Phoenix "Love Like A Sunset Part 1 & 2" - as heard on the soundtrack for Sophia Coppola's sparse film Somewhere.

Rob Zombie - numerous albums and remixes.

Tool - Ænima, Lateralus, and 10,000 Days.

STALKER: Shadow of Chernobyl Soundtrack - ideal atmospheric moods for finishing off my latest script.

M83 "Hurry Up, We're Dreaming" - the highly anticipated return of the 1980s-inspired nostalgia and love-tinged moods of the French shoegazer.

David Lynch - "Ghost of Love", "Polish Poem" & "Real Love" (with Chrysta Bell), and "Dark Night of the Soul" (with Danger Mouse and Sparklehorse)

Wye Oak "Civilian" - as heard during the trailer for season two of The Walking Dead.


Unusually warm weather - the month got off to a somewhat curious start which found me washing my car in bright sunshine and shorts. We're back on track though - the winter socks, long-sleeved shirts, and winter duvet have come out of hiding.

"Crystal Lake Memories: The Complete History of Friday the 13th" by Peter M. Bracke - I finished off this excellent book. If you're a fan of the Friday the 13th franchise, then I highly recommend you treat yourself to this.

Allen Bridge - this month saw me complete my drama/mystery script (as detailed in numerous blog posts over the months), which I'm currently submitting to some companies for consideration. Hopefully this challenging and rewarding creative venture bears fruit.

Friday 28 October 2011

"Allen Bridge" blog #30...

The script is complete (Draft 2.2 - 115 pages in length) and has been submitted to the BBC Writersroom this week. Furthermore, I'm sending out synopses/treatments to some production companies who are open to screenwriters like me - namely those who are unrepresented and don't have the help of industry contacts to fall back on.

Hopefully Allen Bridge - a challenging and rewarding creative venture - will bear fruit.

Finally, in drawing this series of blog posts to a close, below is a picture of all the notes and research (as well as the first draft) that went into creating Allen Bridge. Countless pages and countless hours - but I'm very proud indeed of the final product. It was most definitely worth it.

Oh and by-the-way, this is blog post #700.

Tuesday 25 October 2011

Double Bill Mini Musings: Creepy kids, and long distances...

Wake Wood:
Seemingly from the company that owns Hammer, but not directly from the famous studio themselves, this UK chiller comes from the tradition of such 'creepy folk in a creepy rural town' films as The Wicker Man. In a somewhat rushed intro, we find a young couple have moved to the titular town after the death of their daughter - however, one night they discover that all is not as it seems in Wake Wood. A ceremony in which the dead can be brought temporarily back to life is overseen by the townsfolk - and rather readily accepted by the couple.
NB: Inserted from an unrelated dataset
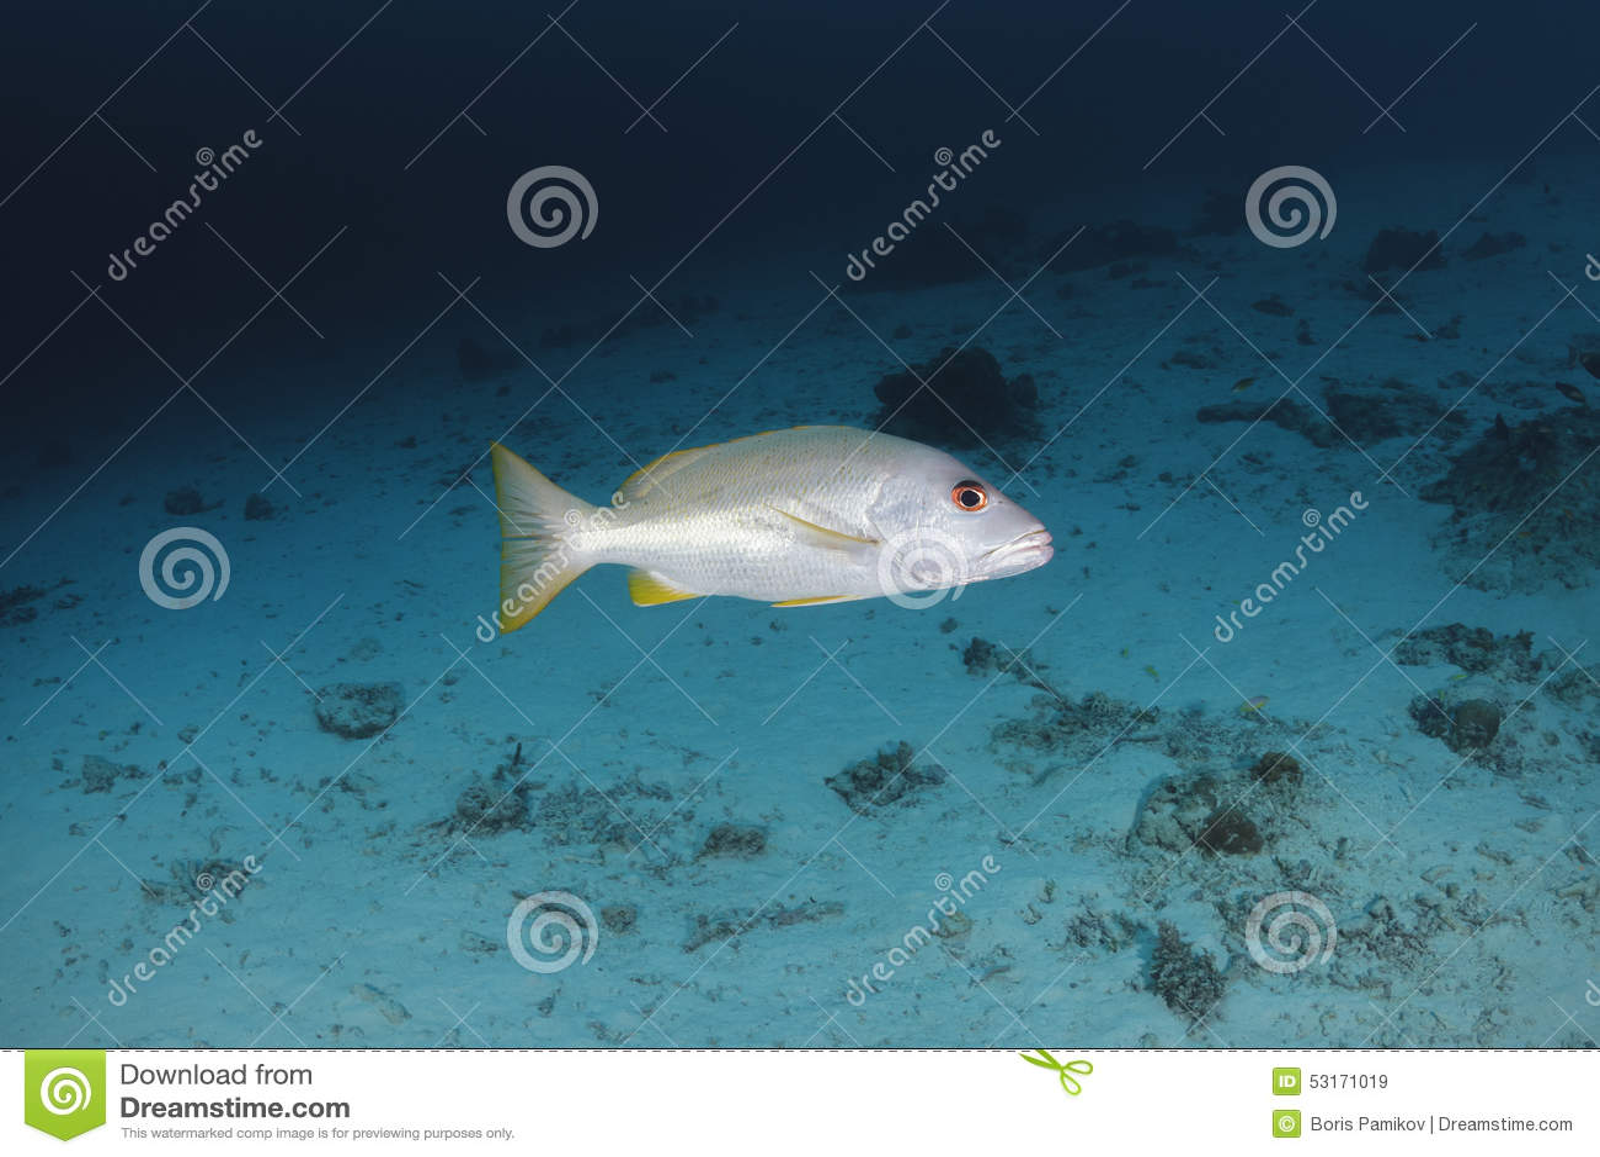 Onespot攫夺者swimm在安达曼海中,泰国水

Wake Wood is a decent chiller, however the main problem with it is that the protagonists are all-too-ready to accept quite a far-fetched ritual as actually possible. There's no "you're a nutter, what are you on about?" period of disbelief or even mockery - in fact they hop on-board with ease. Indeed the general pace of the film feels too rushed - we don't have enough time to really get to know the central couple, nor their circumstances in life, nor the town of Wake Wood itself. A creeping sense of realisation - a build up to a shocking discovery - is sorely missing.

The premise is a good one, and while it does occasionally stray unsuitably into gore-flick territory, and the score is at times intrusive or against the grain, it's an admirable effort. Despite being in too much of a rush, not exploring the other residents, and the town itself, to the extent that it should have, there is definitely something there to dig up for fans of The Wicker Man - and other such fare.

Going The Distance:
I wasn't all that interested in seeing this, but I caught a couple of minutes of it on Sky Movies when flicking around - and I quickly found myself chuckling. So over to Sky Anytime it was, and I gave this Drew Barrymore/Justin Long romcom a spin - and in short, I enjoyed it quite a bit. A pleasant surprise was the script - it was breezy, bright, and appealed effortlessly to both male and female demographics at different times, and in different ways, throughout. It even has a dirty mind at times - but not in a sleazy or gross way - and what's more the actors all fit together well ... indeed, Barrymore & Long's real-life relationship shines through to afford their characters a sense of truth that you don't often find in romcoms.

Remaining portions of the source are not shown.